Chapter 22 - Episode 22

Albara menatap wanita yang berdiri di depannya, seorang wanita cantik, jika melihat dari wajahnya yang segar dan berseri sepertinya dia baru berusia 20 tahunan, tapi dilihat dari penampilannya dan sikapnya yang yang sopan, tenang memancarkan wibawa, mencerminkan tokoh besar yang memiliki kepribadian yang matang.

"Selamat datang di kuil sekte pengikut Tuhan yang Maha Esa, saya Cin Ceng Si Jin ditugaskan ketua sekte pengikut Tuhan yang Maha Esa, mengundang anda untuk bertemu dengannya" sambut wanita cantik tersebut.

Albara yang melihat kedatangan Cin Ceng si Jin yang misterius, sudah siap dengan kuda kuda jurus elang mengobrak sarang lebah.

"o... ya baiklah" Albara kebingungan.

"Mari ikuti saya" kata Cin Ceng si Jin.

Albara tercengang dengan gerakan Cin Ceng si Jin yang sangat cepat, bagaimana tidak sehabis bicara dia langsung melesat kearah Albara seketika pergelangan tangan Albara sudah digenggam.

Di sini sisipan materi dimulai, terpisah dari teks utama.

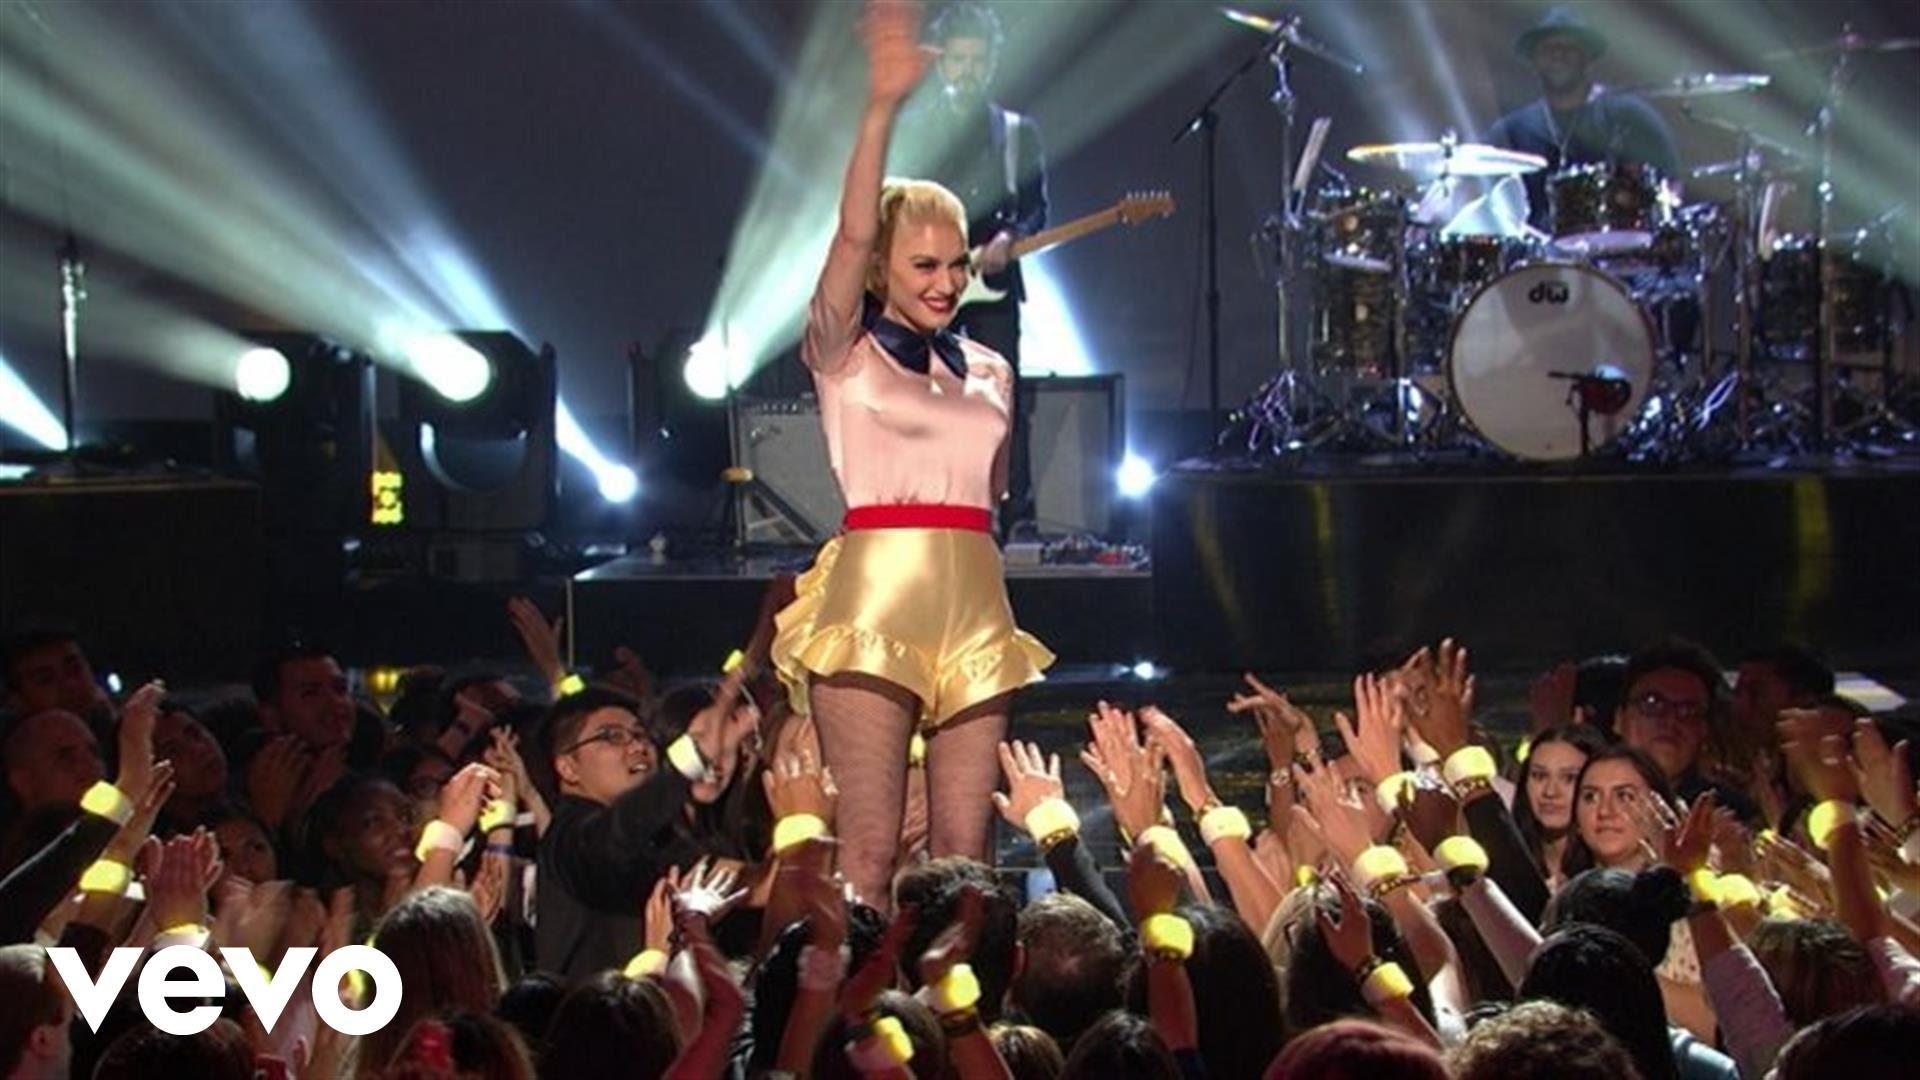 Gwen Stefani reveals Las Vegas residency at Planet Hollywood

Albara di seret seperti seorang ibu meyeret anaknya tanpa mampu dia melepaskan.

Albara hanya menurut saat wanita itu membawanya dengan lari cepat dan gerakan yang sangat ringan, Albara merasa melayang kakinya terasa tidak menginjak tanah, seperti terbang bagai angin yang berhembus.

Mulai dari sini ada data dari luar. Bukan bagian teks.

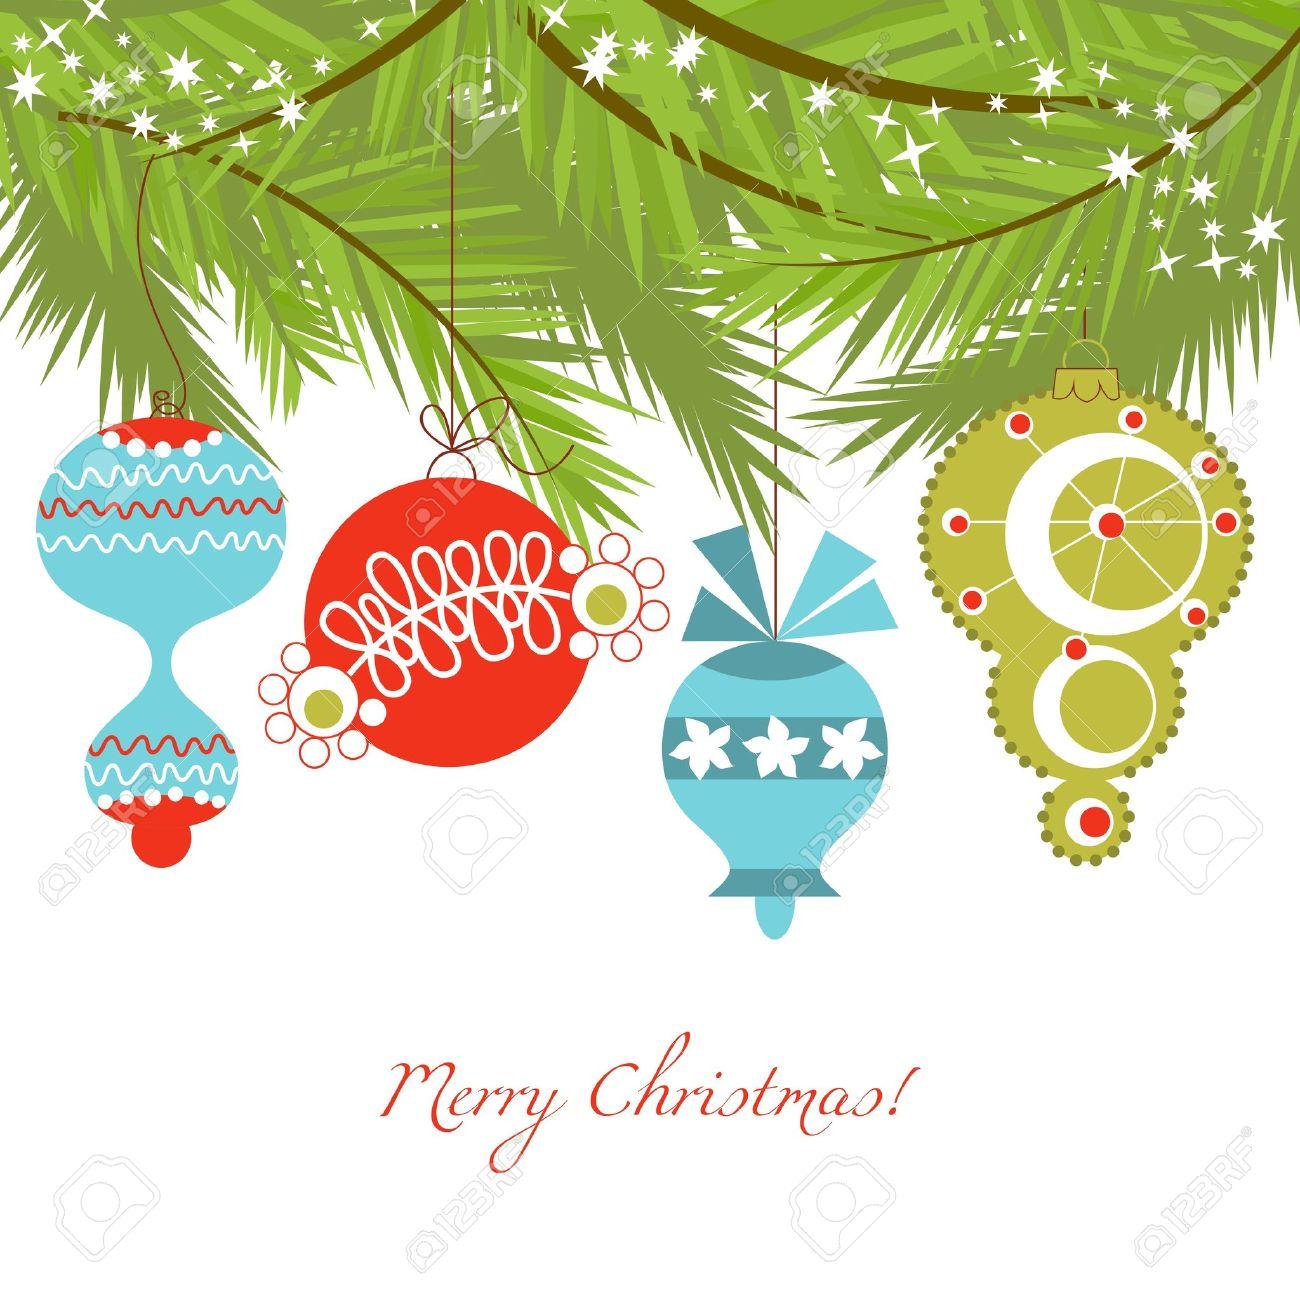 Christmas Ornaments: Christmas Ornaments Vector Background Illustration

"Kita mau kemana Cin Ceng si Jin?" tanya Albara memberanikan diri.

"Kita akan menghadap ketua sekte pengikut Tuhan yang Maha Esa. di Kota Takus" jawab Cin Ceng si Jin sambil terus menggengam pergelangan tangan Albara.

Cuaca sangat cerah hingga Albara dapat melihat dengan jelas pemandangan di sepanjang perjalanan, Cin Ceng si Jin membawa Albara melewati jalan yang terbentang menuju ke puncak gunung Masurai. Dari kejauhan terlihat awan tipis menutupi puncak Masurai, sedangkan di sisi yang berlawanan dia melihat bukit Rungkuk di mana sebagian puncaknya yang tandus memantulkan cahaya matahari, terlihat berkilau seperti perak yang di asah.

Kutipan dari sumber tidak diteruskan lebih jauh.